El último que me había inspirado alguna confianza era la CNT española. Había viajado un poco por España antes de la guerra civil; muy poco, pero lo suficiente para sentir el  amor que es difícil no experimentar hacia ese pueblo; yo había visto en el movimiento anarquista la expresión natural de sus grandezas y sus defectos, de sus aspiraciones más legítimas y de las menos legítimas. La CNT, la FAI eran una mezcla asombrosa, donde se admitía a cualquiera, y donde, en consecuencia, se podría encontrar inmoralidad, cinismo, fanatismo, crueldad, pero también amor, espíritu de fraternidad y, sobre todo, la reivindicación del honor tan hermosa entre los hombres humillados; me parecía que aquellos que iban allí animados por un ideal prevalecían sobre aquellos a los que impulsaba la violencia y el desorden.

En julio de 1936 yo estaba en París. No me gusta la guerra, pero lo que siempre me ha provocado más horror que la guerra es la situación de los que se encuentran en retaguardia. Cuando comprendí que,  a pesar de  mis  esfuerzos,  no podía dejar de  participar  moralmente en esa guerra, es decir, desear todos los días, a todas horas, la victoria de unos y la derrota de los otros, me dije que París era para mí la retaguardia, y tomé el tren para Barcelona con la intención de comprometerme. Era a principios de agosto de 1936.

Un accidente me hizo abreviar forzosamente mi estancia en España. Estuve algunos días en Barcelona, después en pleno campo aragonés, junto al Ebro, a una quincena de kilómetros de Zaragoza, en el mismo lugar en que recientemente las tropas de Yagüe han pasado el Ebro.  Después en el palacio de Sitges transformado en hospital; después nuevamente en Barcelona; en total, aproximadamente dos meses. Dejé España a mi pesar y con la intención de regresar; más tarde, voluntariamente no he hecho nada. No sentía ya ninguna necesidad interior de participar en una guerra que no era ya, como me había parecido al principio, una guerra de campesinos hambrientos contra propietarios terratenientes y un clero cómplice de los propietarios, sino una guerra entre Rusia, Alemania e Italia.

He conocido ese olor de guerra civil, de sangre y de terror que desprende su libro; lo había respirado. No he visto ni oído nada, debo decirlo, que alcance la ignominia de algunas historias que usted cuenta, esos asesinatos de viejos campesinos a golpes de garrote. Sin embargo, lo que oí bastaba.

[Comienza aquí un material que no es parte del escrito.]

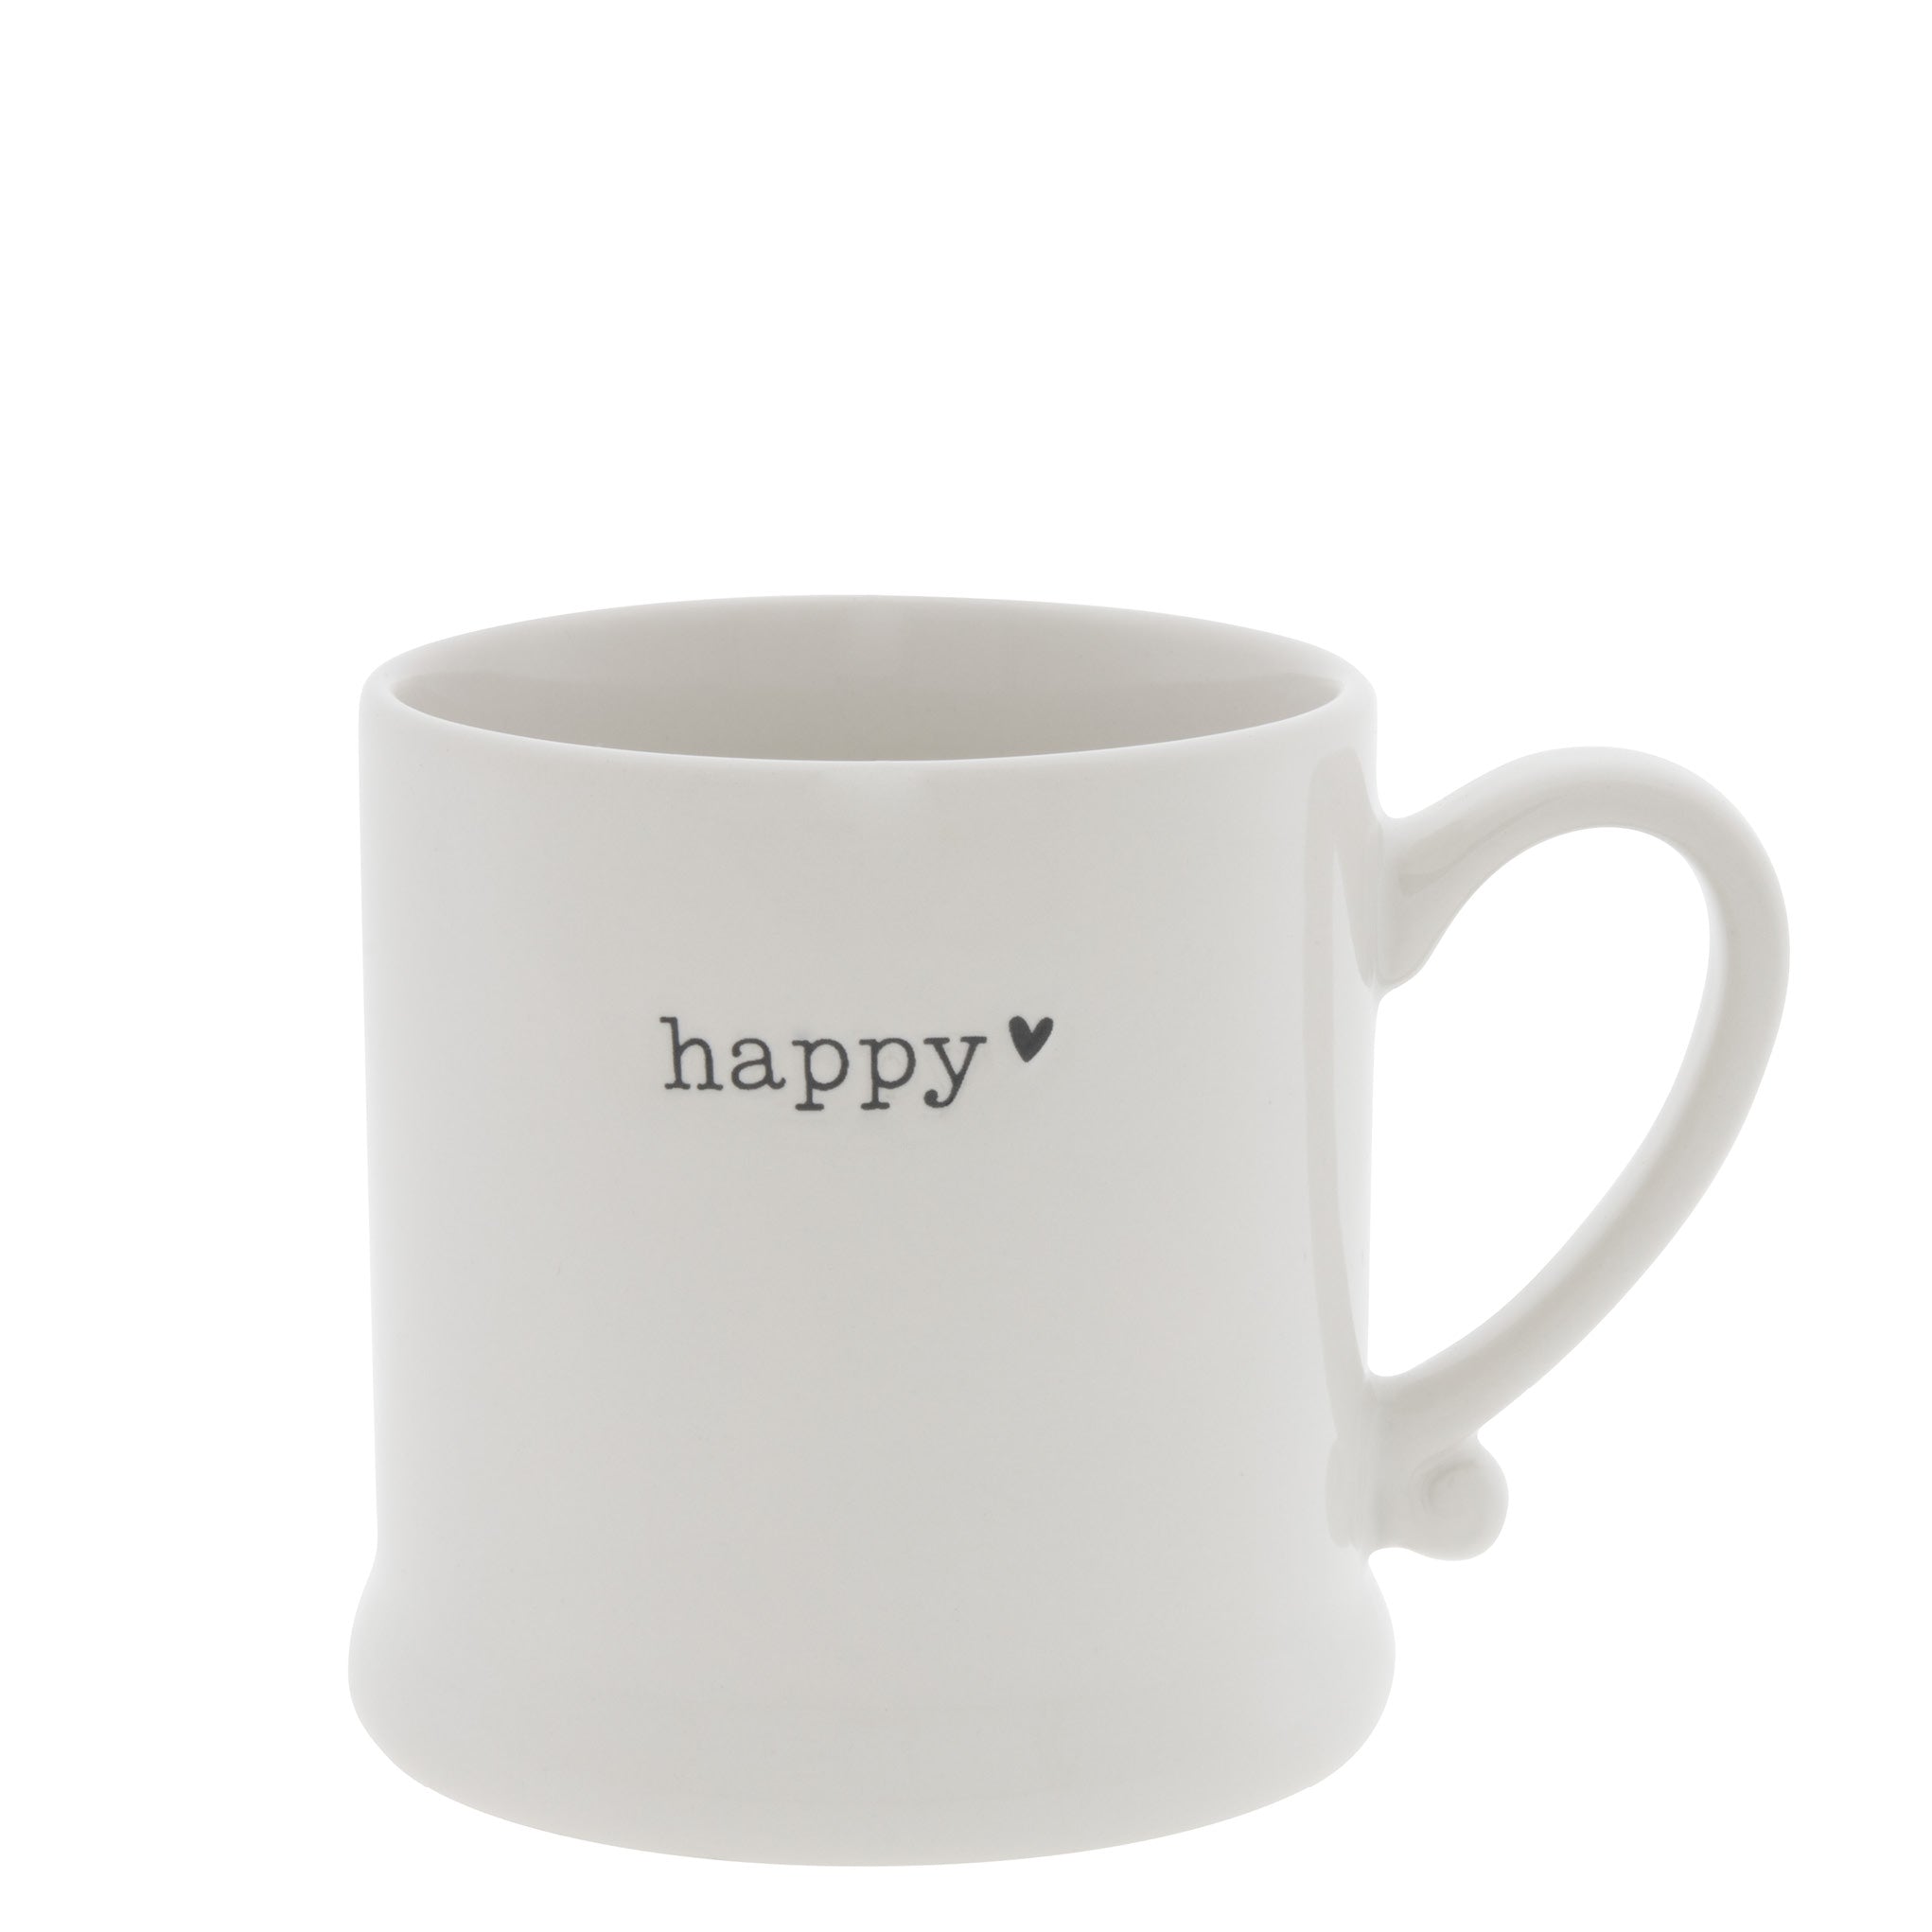 "Happy" Little Mug

Estuve a punto de asistir a la ejecución de un sacerdote; durante los minutos de espera, me preguntaba si simplemente iba a mirar o haría que me fusilaran al tratar de intervenir; todavía no sé qué habría hecho si una feliz casualidad no hubiera impedido la ejecución.

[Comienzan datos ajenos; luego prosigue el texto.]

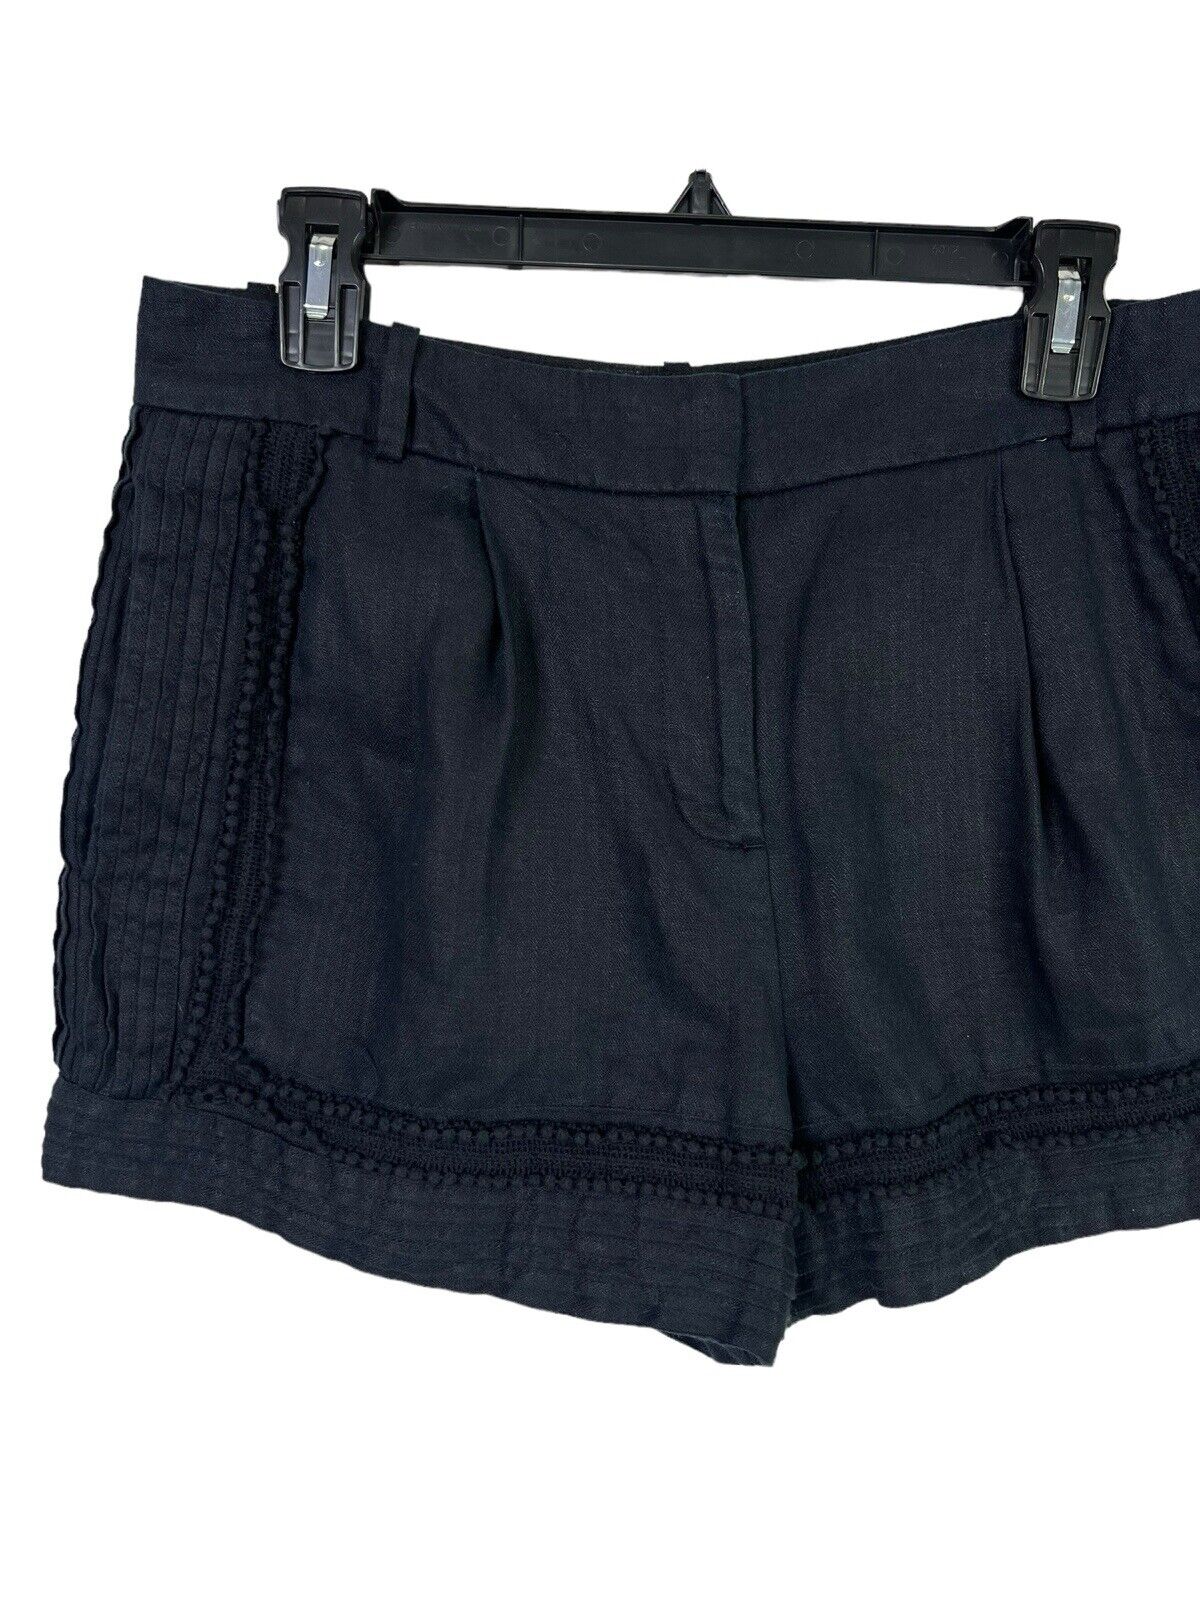 J. Crew Womens Shorts Black  100% Linen Lace Trim… - image 3

Cuántas historias se agolpan bajo mi pluma… Pero sería demasiado largo; ¿y para qué? Una sola bastará. Estaba en Sitges cuando llegaron, vencidos, los milicianos de la expedición de Mallorca. Habían sido diezmados. De cuarenta muchachos jóvenes que habían salido de Sitges, habían muerto nueve. Sólo se supo a la vuelta de los otros treinta y uno. La misma noche siguiente se hicieron nueve expediciones punitivas, se mató a nueve fascistas, o supuestamente tales, en esta pequeña ciudad donde, en julio, no había pasado nada. Entre esos nueve, un panadero de unos treinta años, cuyo crimen era, me dijeron, haber pertenecido a la milicia de los «Somatén»; su anciano padre, del que era hijo único y el único sostén, se volvió loco.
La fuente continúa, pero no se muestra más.